Всякому делу - свой конец.
Стал доискиваться московский царь: отчего с богатой Лены мал
соболиный и иной пушной приход? Отчего урон терпит царская казна? Иль
перевелось зверье? Или отбились от ясака покоренные сибирские народы?
Дознался царь о самоуправстве дерзкого Ярошки Сабурова, послал своего
доглядчика и сборщика пушной казны, воеводу немца Петра Кранца, чтоб
царским именем и крепкой рукой навел на Лене порядок, а самоуправца,
беглого Ярошку, заковал бы в железные колодки.
Словно вешний снег, явился в Сабуровку царский воевода. Крутонрав и
злобен оказался Петр Кранц. В день его приезда ударил задорно церковный
колокол, поп Гаврила служил в честь воеводы молебен, но, к великому
огорчению сабуровцев, воевода в храм не пожаловал. Со своими помощниками
торопливо громил он Ярофеевы погреба и клети. И не успел поп Гаврила
пропеть многолетие, как царский воевода заковал Ярофея в железо и бросил в
черную избу.
Насупилась Сабуровка. Не по нраву пришлась ей крутая рука воеводы.
Стали ревностно доглядывать сабуровцы за воеводой и его людишками. А
воевода, как берложный медведь, сидел в воеводской избе, будто его и нет,
но все видел, все слышал. Подслухи его и доглядчики навозными мухами
рассеялись по Сабуровке. И примечали сабуровцы с тревогой, что воеводская
сторона росла, съезжались отовсюду неведомые люди, воеводские доглядчики и
помощники. Многих сабуровцев разорил начисто лиходей воевода непомерными
поборами и своевольными грабежами.
Разбилась Сабуровка на две слободы: Воеводовку и Ярофеевку. Смертным
боем бились по воскресным дням слободки: шли люди стеной, ломали друг
другу ребра, кровянили снег. К заходу солнца расходились; вновь свирепели
и, едва залечив раны, готовились к новым схваткам.
Драку затевали ребятишки, на их крик выбегали бабы, и начинался
словесный бой; ядовито-злобная брань разжигала кровь, быстро бабы хватали
друг друга за волосы, и тогда с дубьем, кольями, рогатинами выбегали
мужики.
Особенно круты и своевольны были низовые сабуровцы, что поселились у
самого берега плотным куренем. Жили там лихие Бояркины, дружные братья
Зазнамовы, заядлые пропойцы и скандалисты Минины, бесстрашный медвежатник
Пашка Ловкий, удачливый соболятник Сомов, прозванный Соболиным Дядькой.

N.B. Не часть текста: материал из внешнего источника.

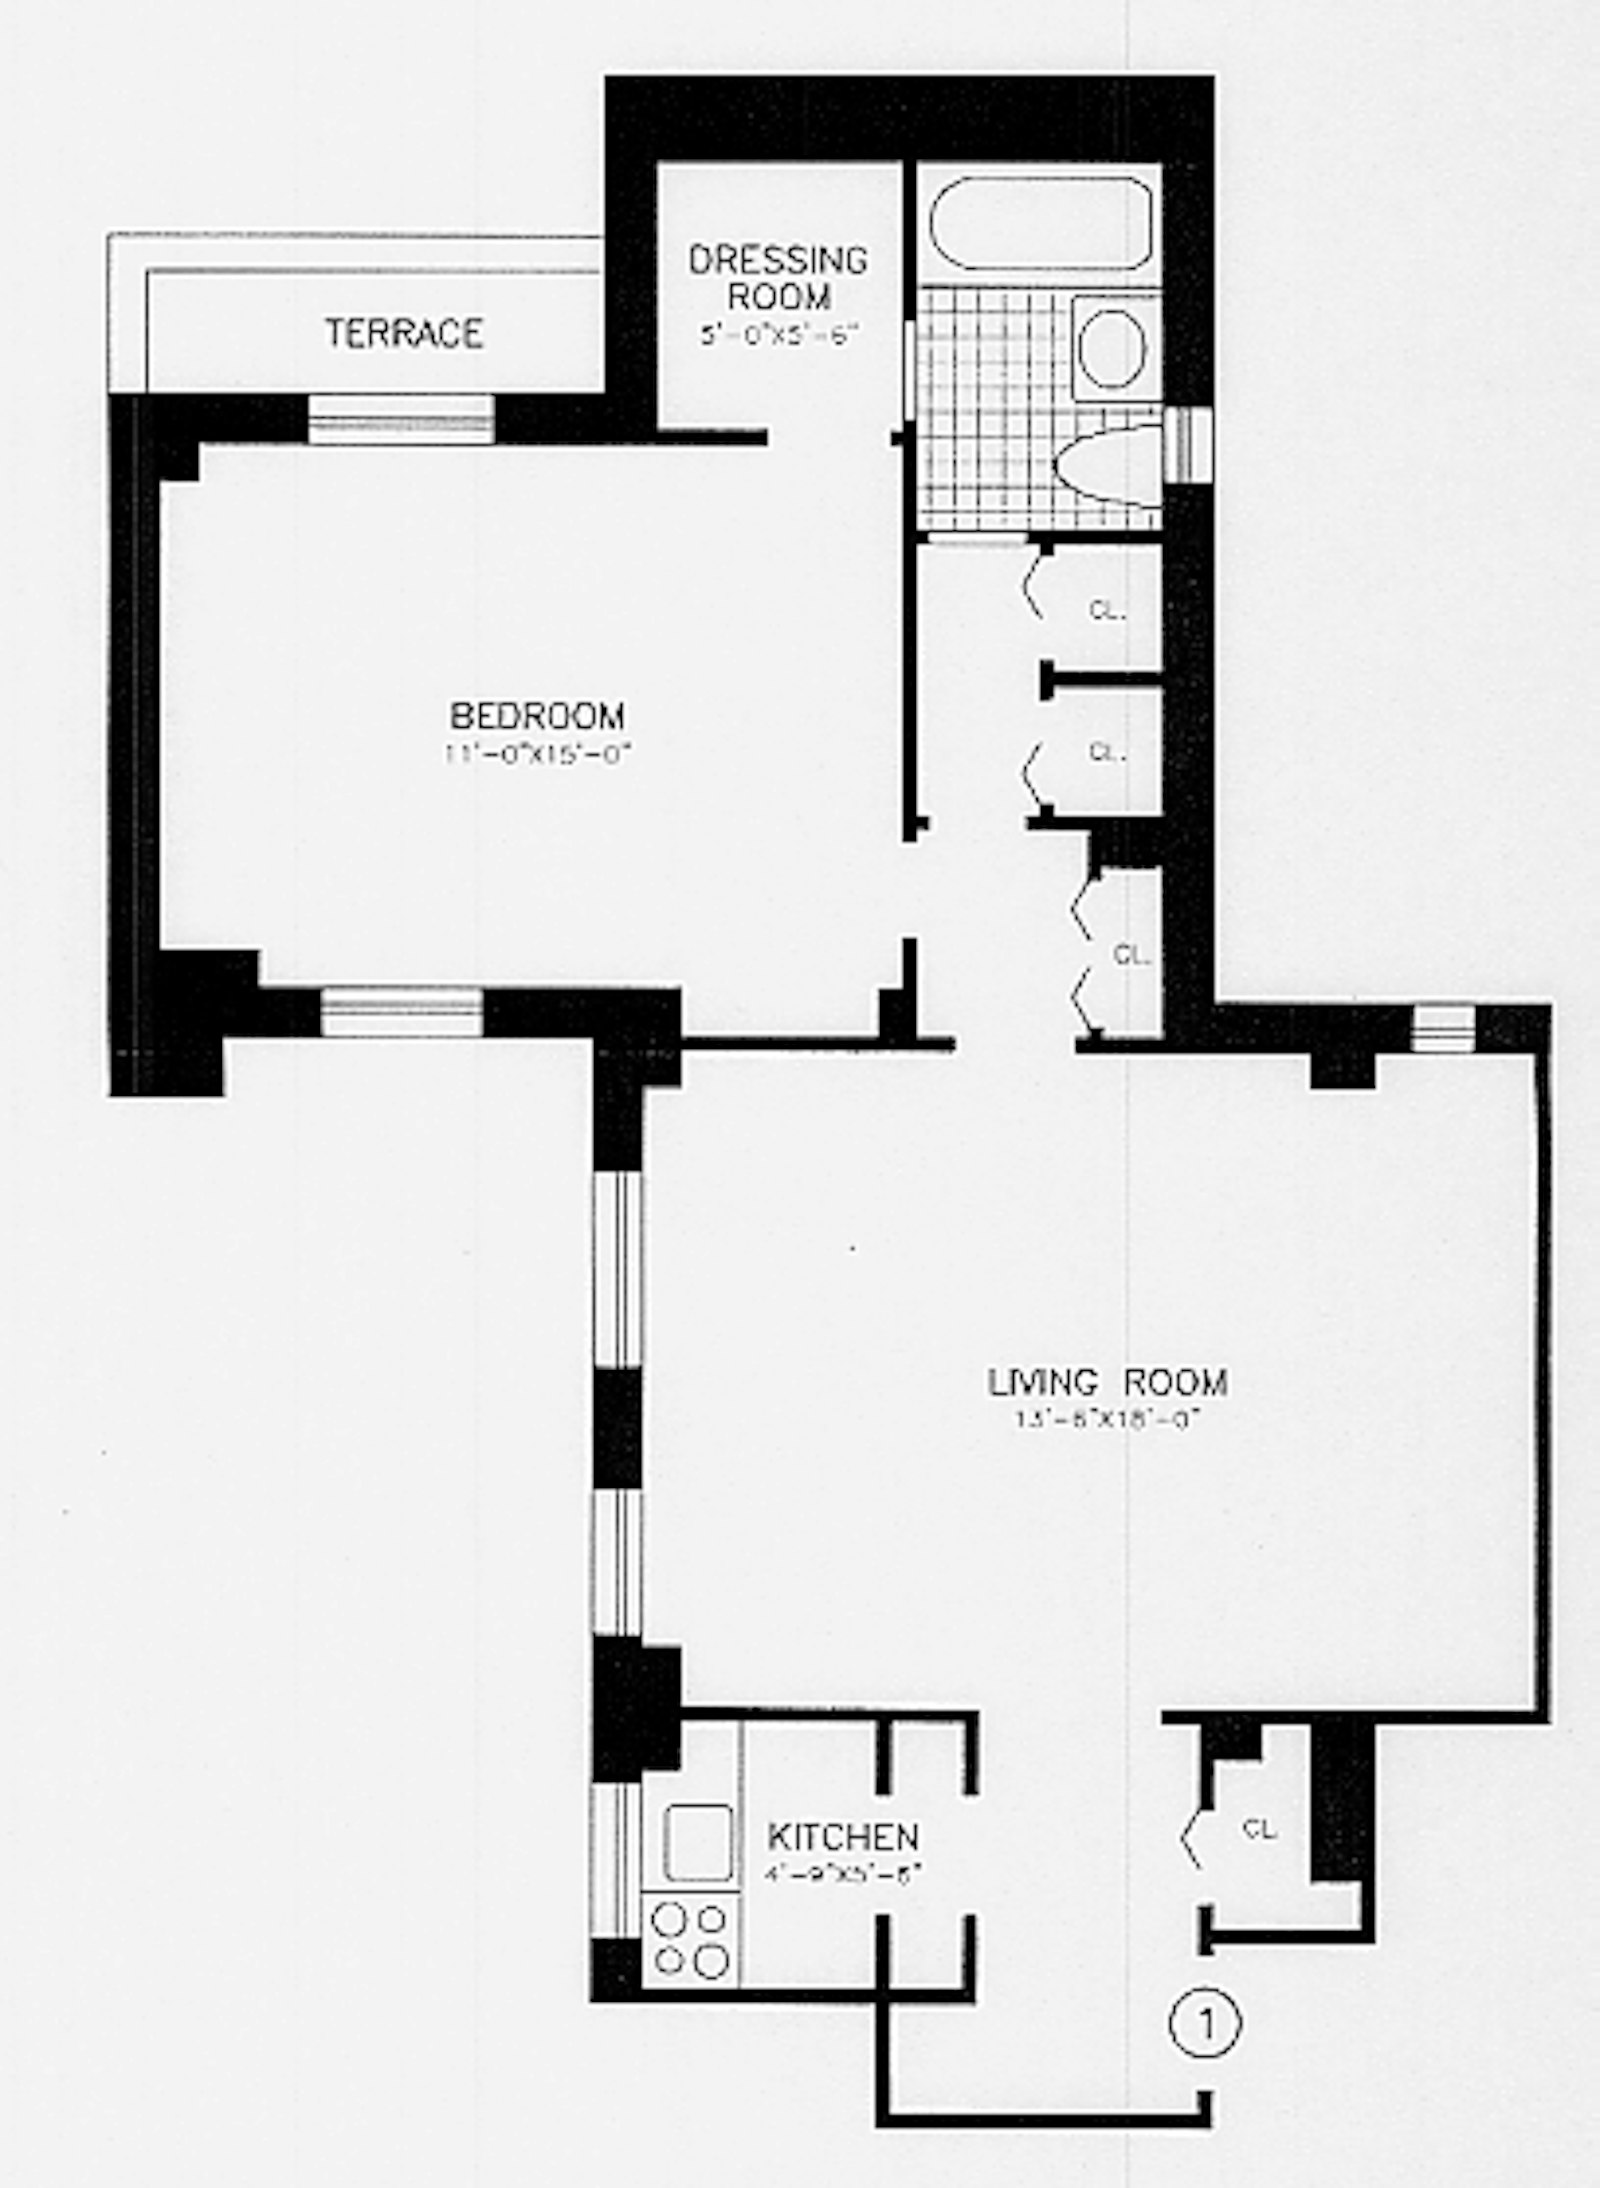 Floorplan for 108 East 38th Street, 1501

Видя разлад и бесчинства, отбивались от воеводы и покоренные
сибирские народцы; плыло пушное добро, минуя воеводские клети, плыло
неведомо куда.
Давно бы надо казнить самоуправца Ярошку - от него бесчинства и
разбой, но медлил воевода, косясь волчьим глазом на низовую Сабуровку.

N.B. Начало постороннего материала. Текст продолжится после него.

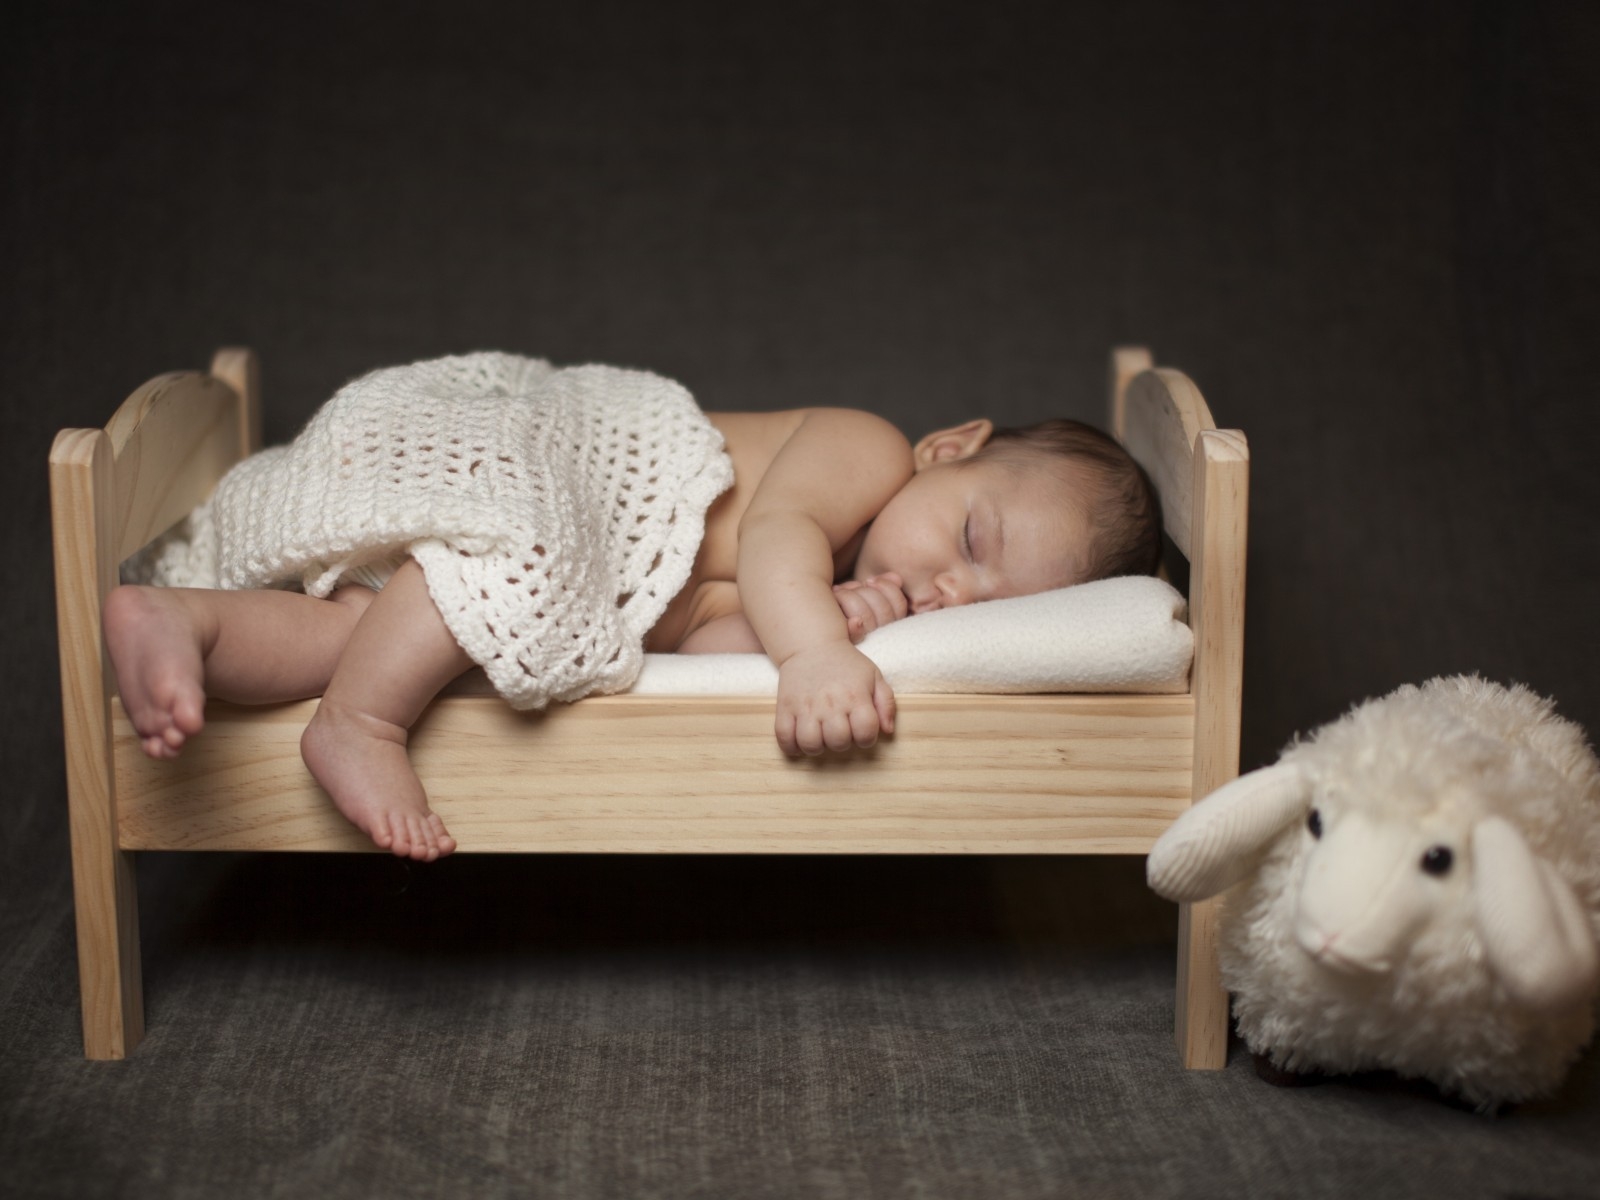 Baby Boy Sleeping for 1600 x 1200 resolution

Приказав ключнику накрепко держать Ярошку под замками и зорко
доглядывать, воевода вызвал письменного голову и велел строчить в Москву
царю скорую челобитную. Воевода писал:
"...слезно молю, великий царь-государь, о ратной подмоге, дабы
учинить спокой и привести Ярошкиных воров и разбоя чинителей к покорности,
а его, беглого Ярошку, казнить лютой смертью..."
РАТНЫЙ ПОХОД
Лил весенний косой дождь. Зеленые молнии рвали небо. Набухала
Киренга, ширилась, распирая берега.
Мимо серых плетней по ухабам и промоинам торопливо шла женщина с
узелком в руке. Дойдя до воеводских ворот, на миг задержалась.

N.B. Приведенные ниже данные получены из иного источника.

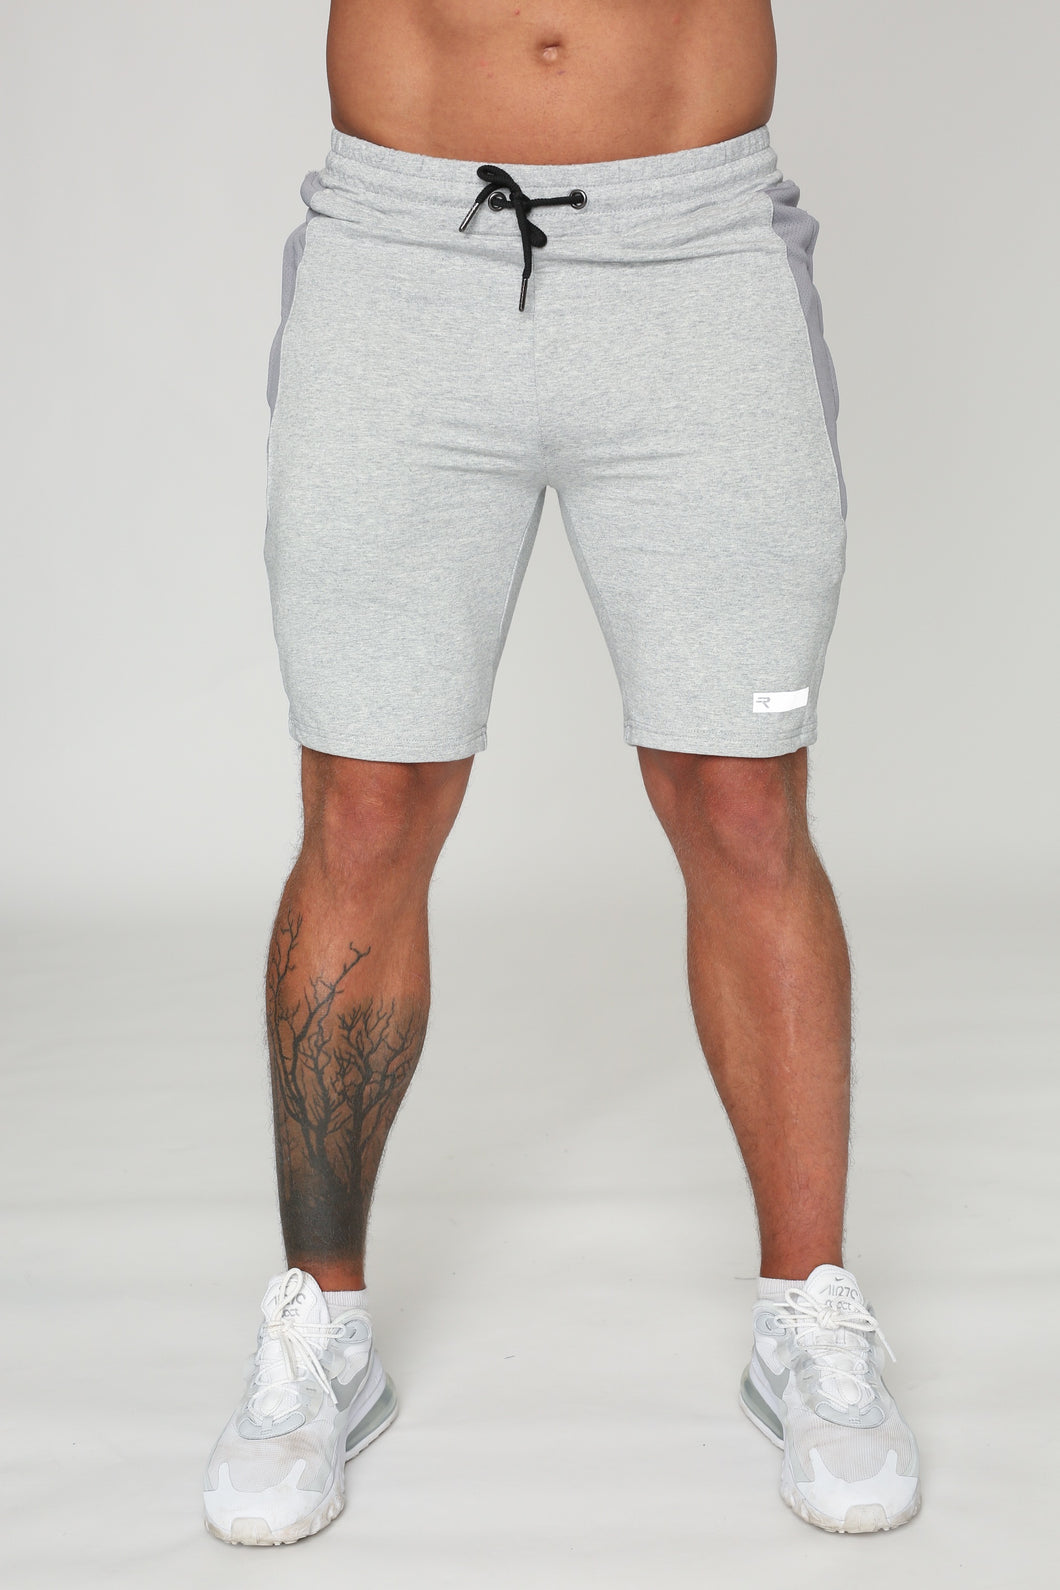 Repwear Fitness ProFit Shorts Stone Grey

Мужик в рваной дерюге топтался у ворот в жидкой глине; укрывая лицо
от ударов дождя, злобился.
В женщине узнал вратарь Степаниду, сплюнул, нехотя отдернул щеколду и
гнусаво промычал в слипшуюся бороду:
- Сызнова к немцу?
Степанида кивнула головой и скользнула в ворота. Мужик сыпал вслед
срамную брань:
- Бесстыжая!.. И непогодь не держит. Худо Сенька плетью тебя жалил,
ой, худо!..
Степанида украдкой обошла воеводское крыльцо и потонула в пустыре,
где среди полынника и крапивника торчала черная изба. В рытвине ее
встретил рослый парень с раскосыми глазами, в промокшей бараньей шубе. Он
вырвал у Степаниды узелок и молча скрылся.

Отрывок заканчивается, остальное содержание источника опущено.